> THE TASK: The response should be an exact transcription of the data below, free of images.

> RECORDS FOR PROCESSING:
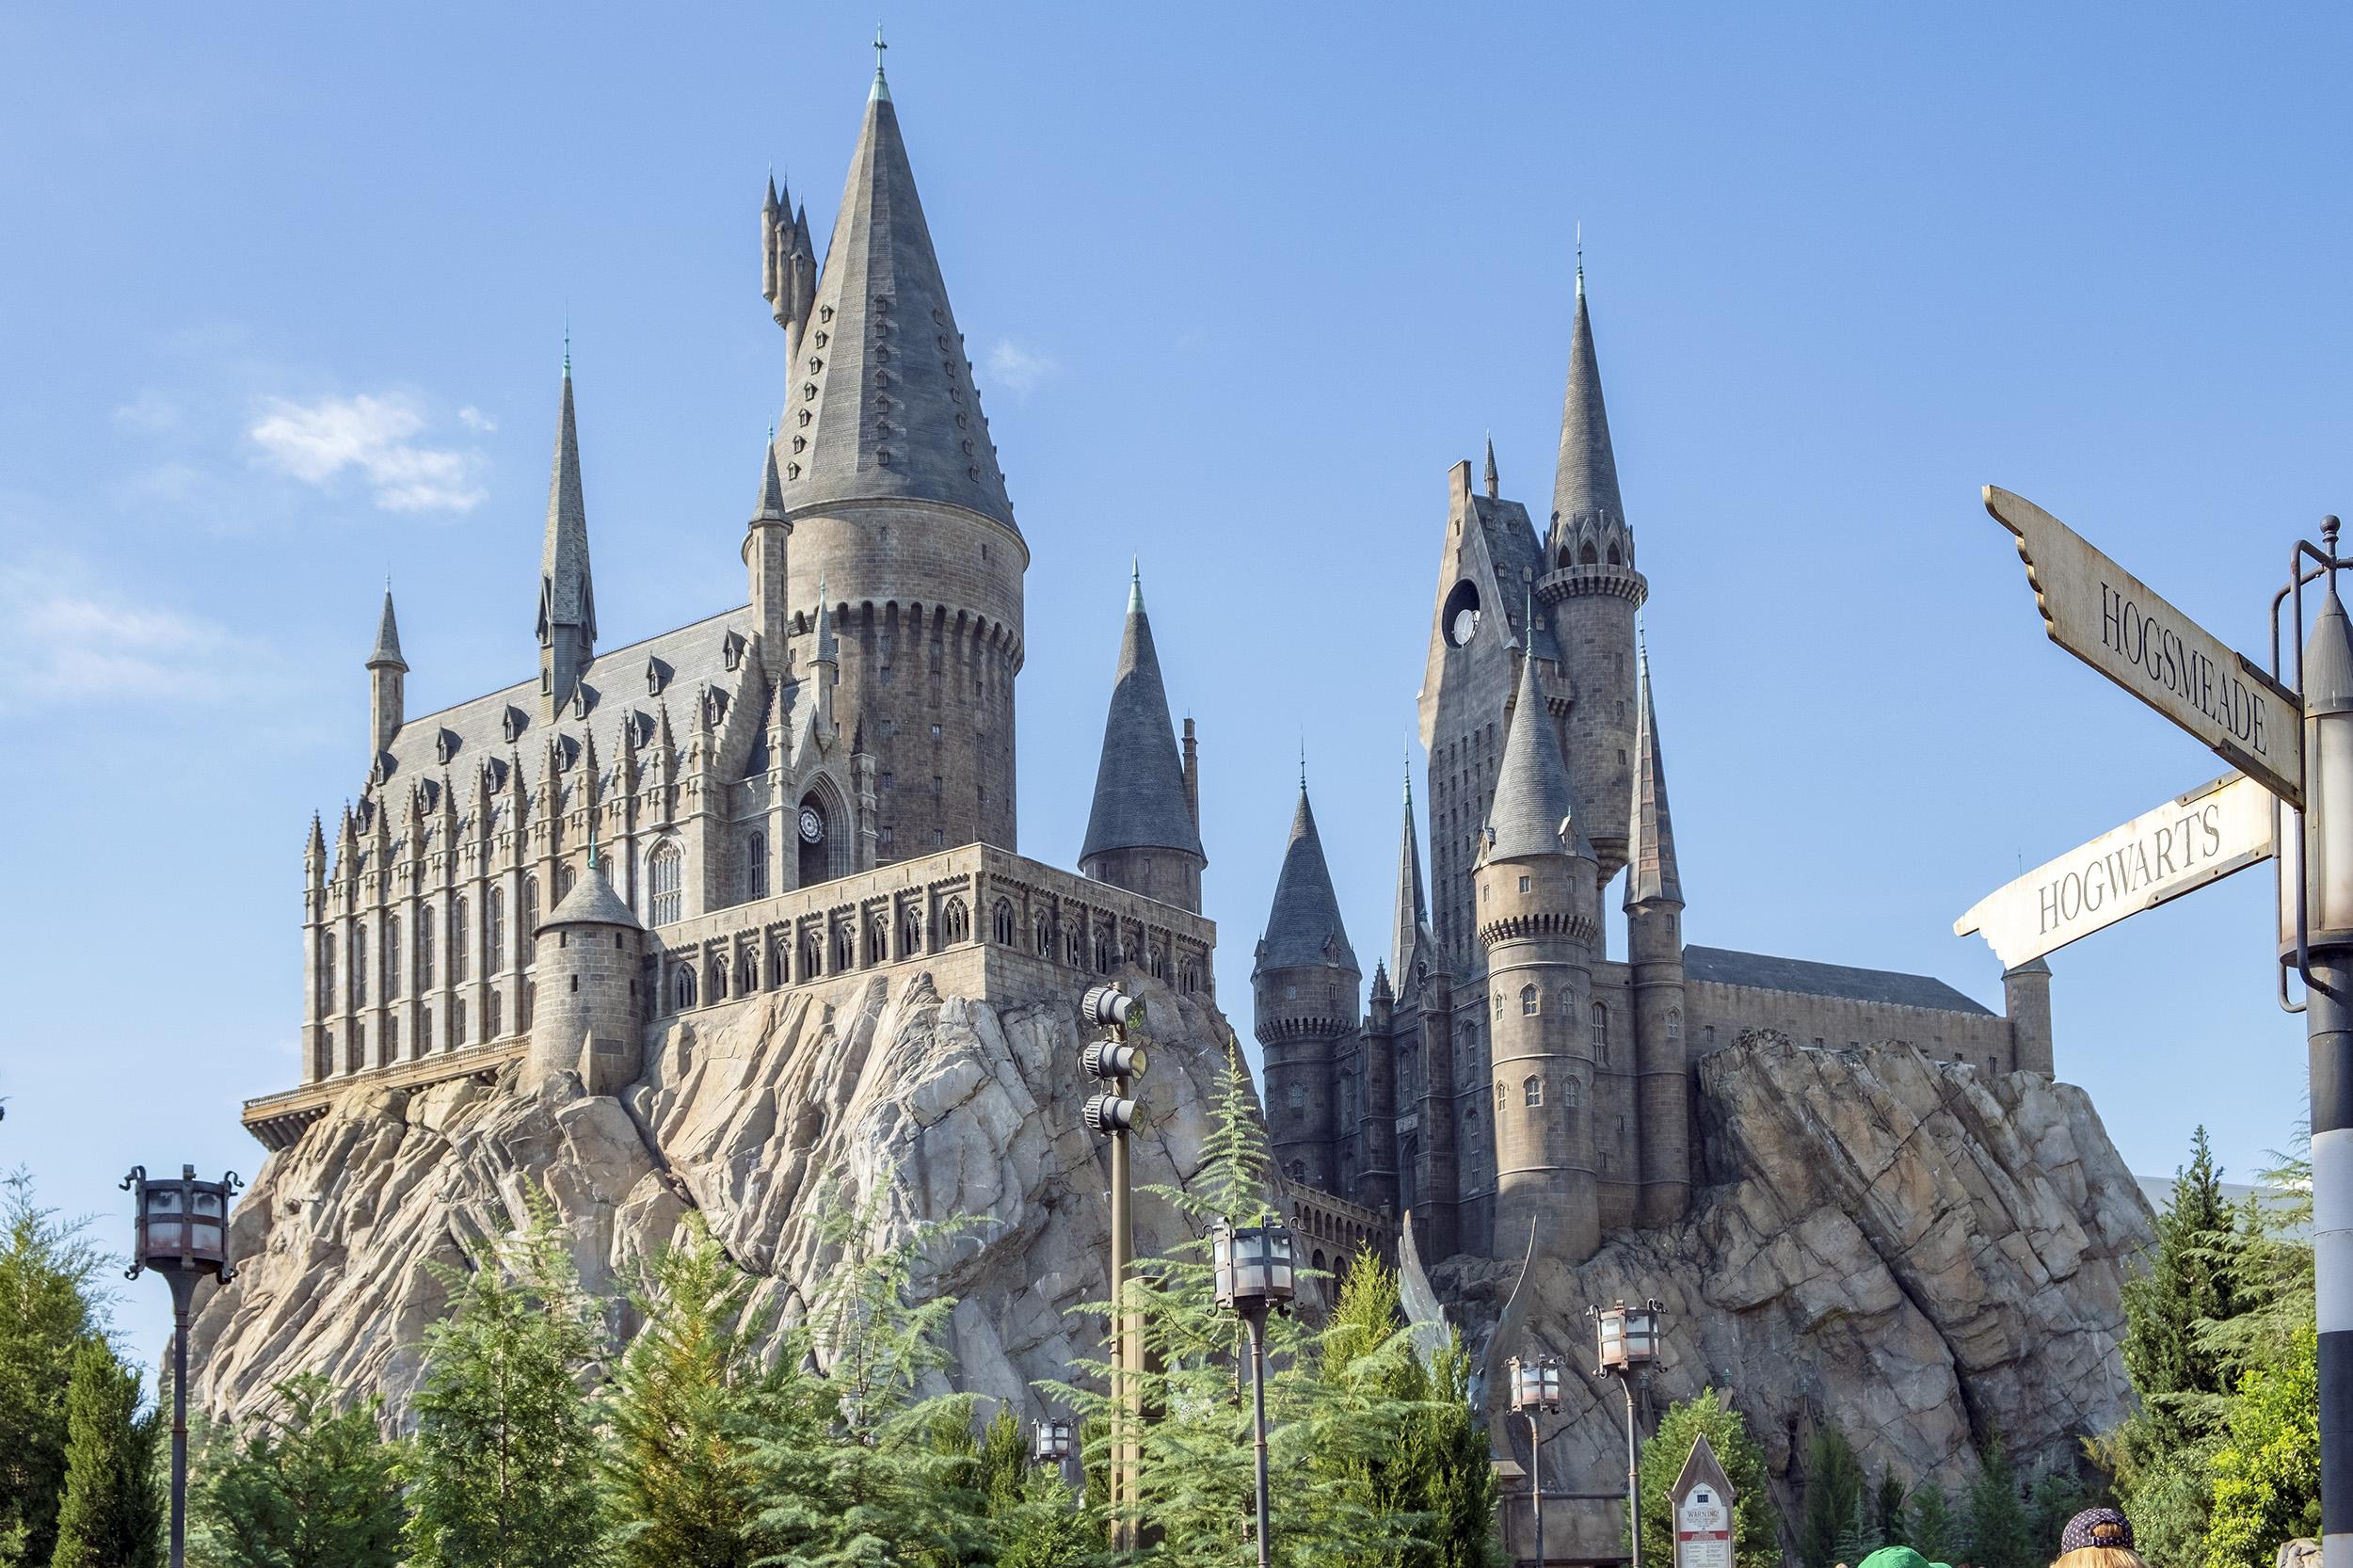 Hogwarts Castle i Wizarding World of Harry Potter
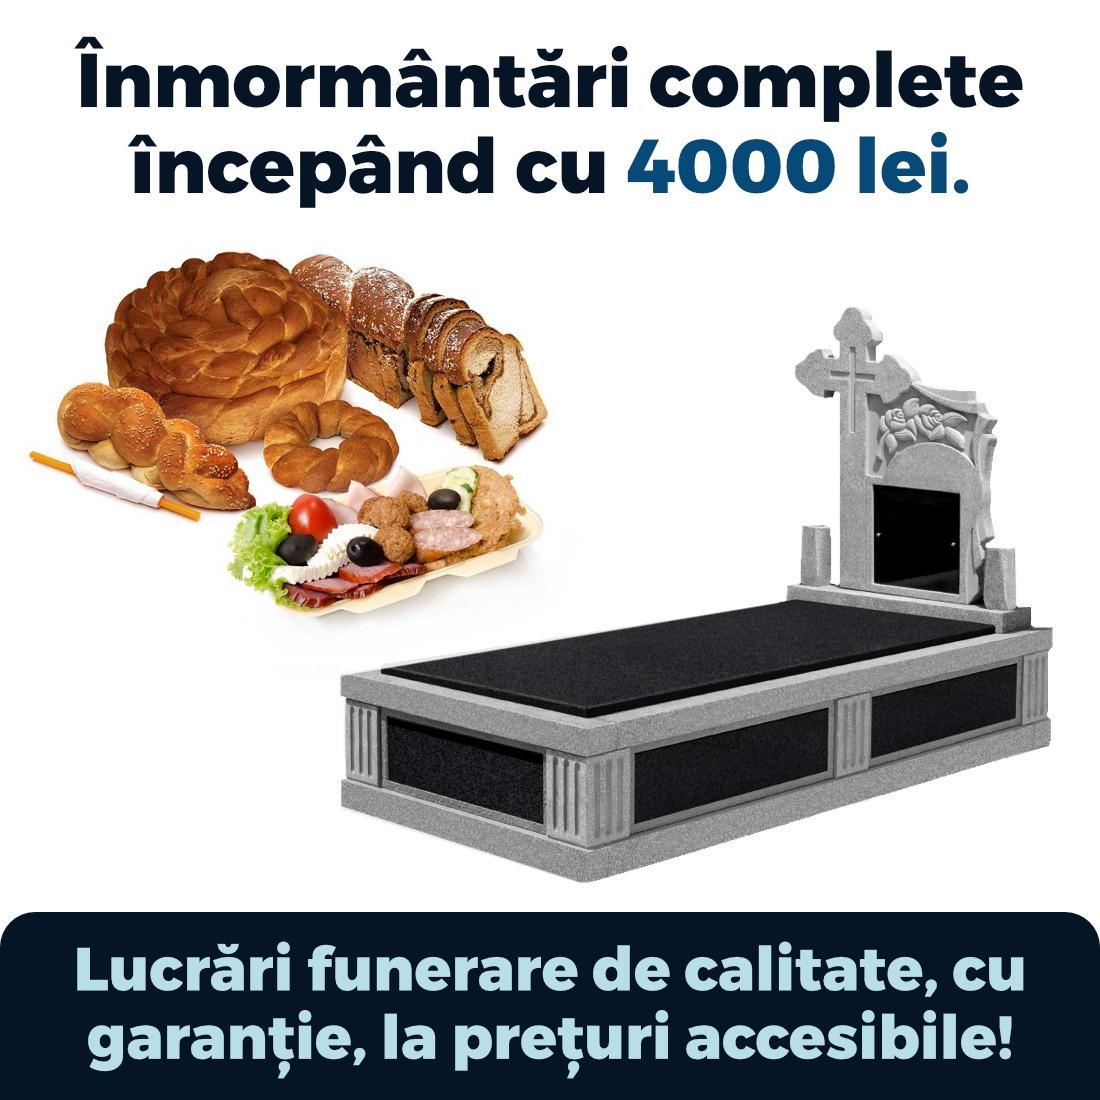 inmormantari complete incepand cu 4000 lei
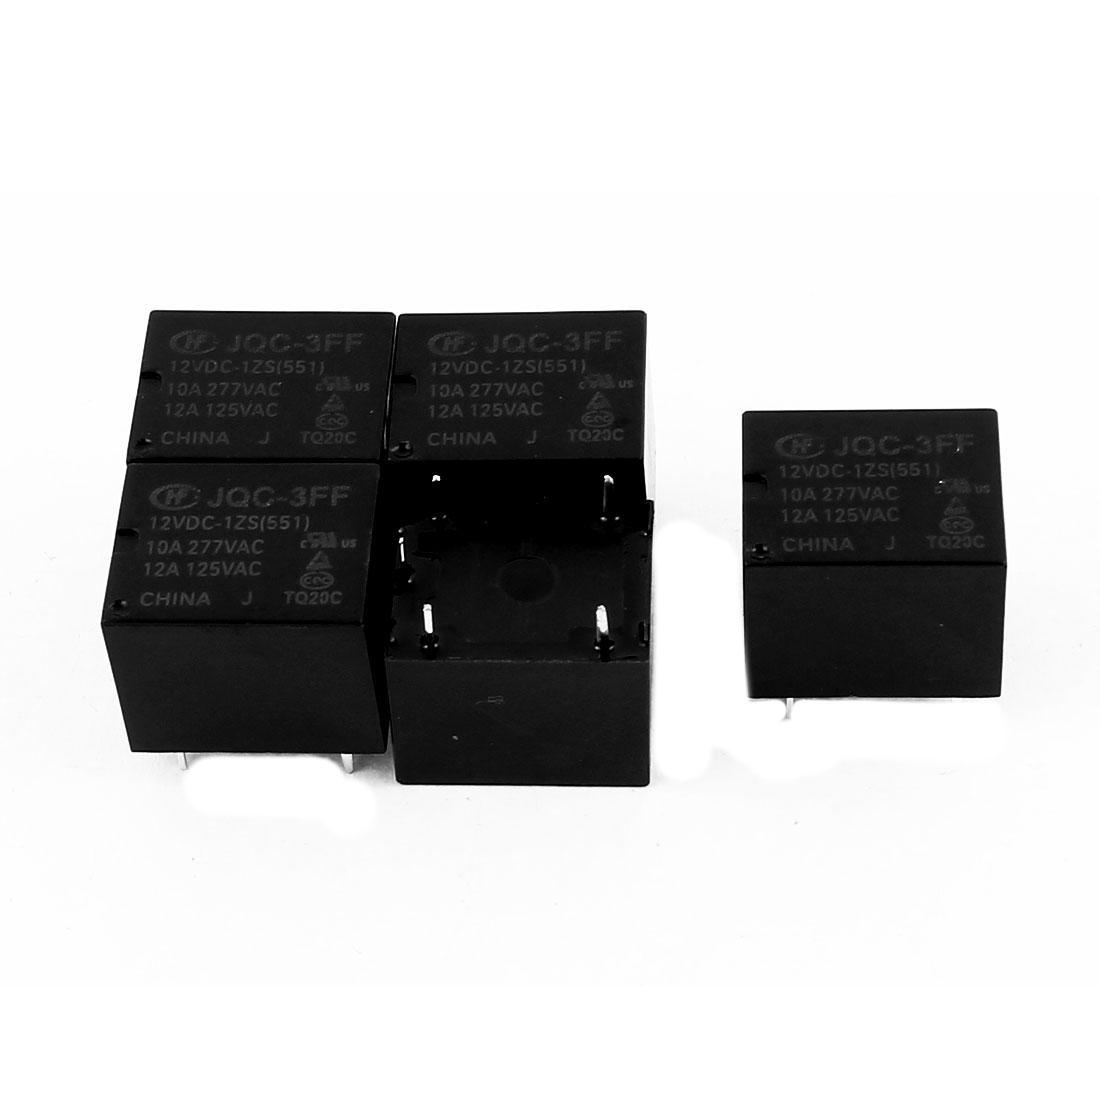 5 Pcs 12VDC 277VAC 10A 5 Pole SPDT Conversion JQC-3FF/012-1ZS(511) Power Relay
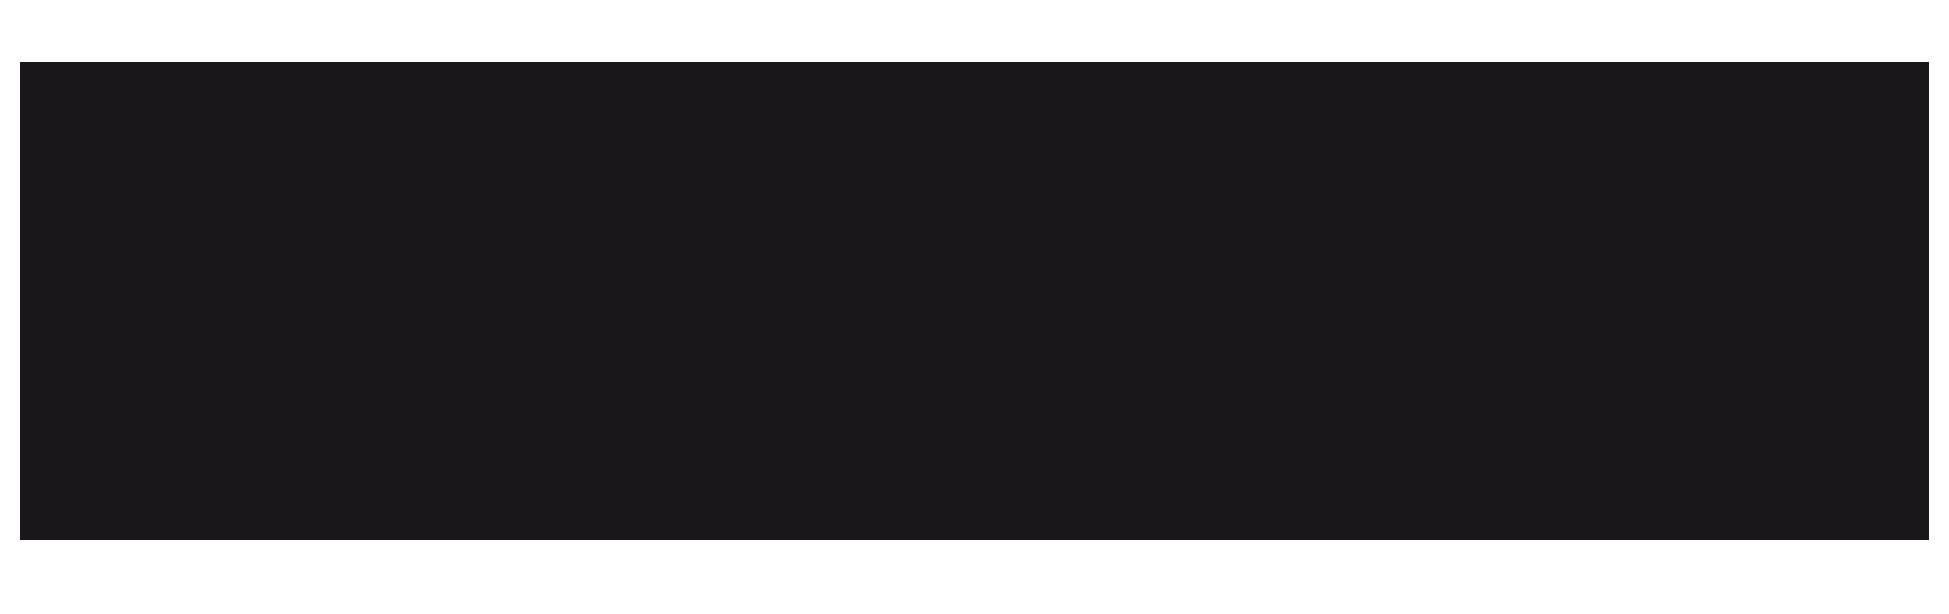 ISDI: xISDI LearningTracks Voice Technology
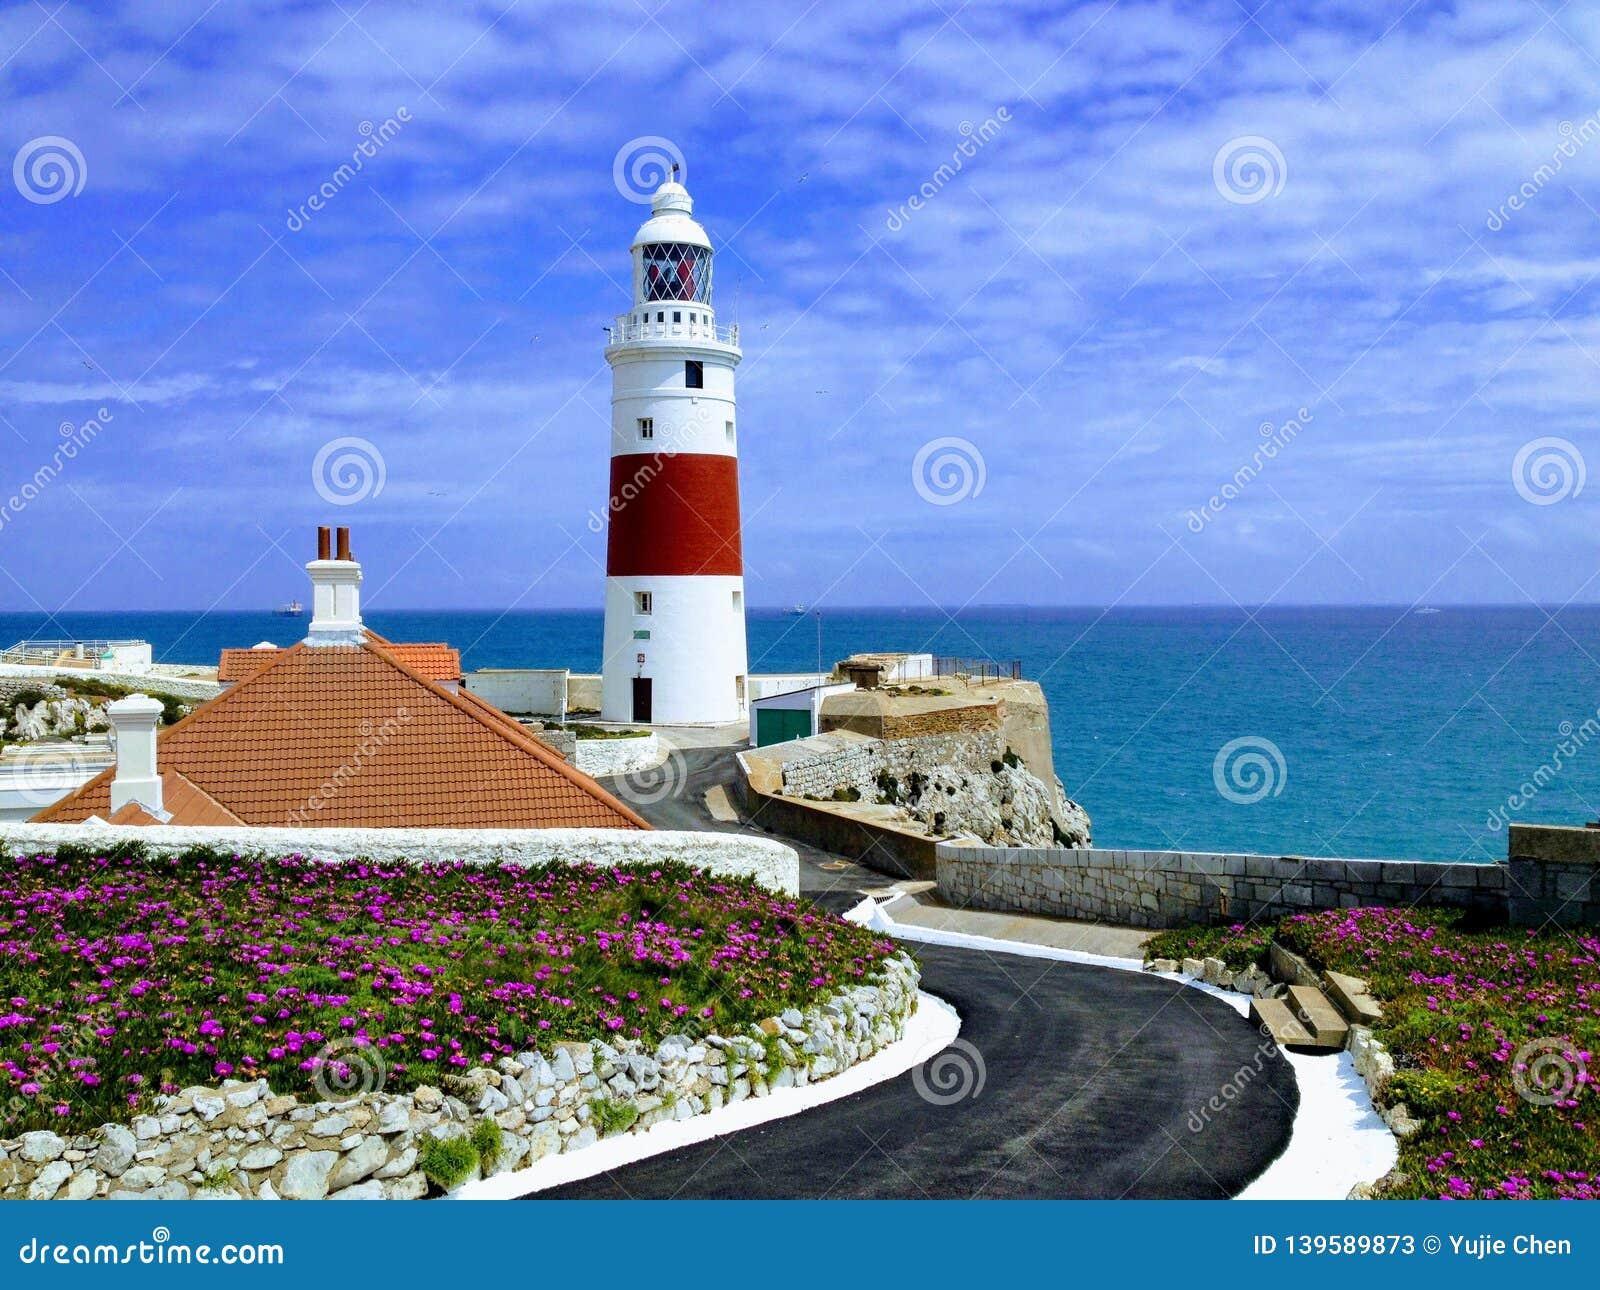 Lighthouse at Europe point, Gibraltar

> EXERCISE ANSWER:
 Hogwarts Castle i Wizarding World of Harry Potter
 inmormantari complete incepand cu 4000 lei
 5 Pcs 12VDC 277VAC 10A 5 Pole SPDT Conversion JQC-3FF/012-1ZS(511) Power Relay
 ISDI: xISDI LearningTracks Voice Technology
 Lighthouse at Europe point, Gibraltar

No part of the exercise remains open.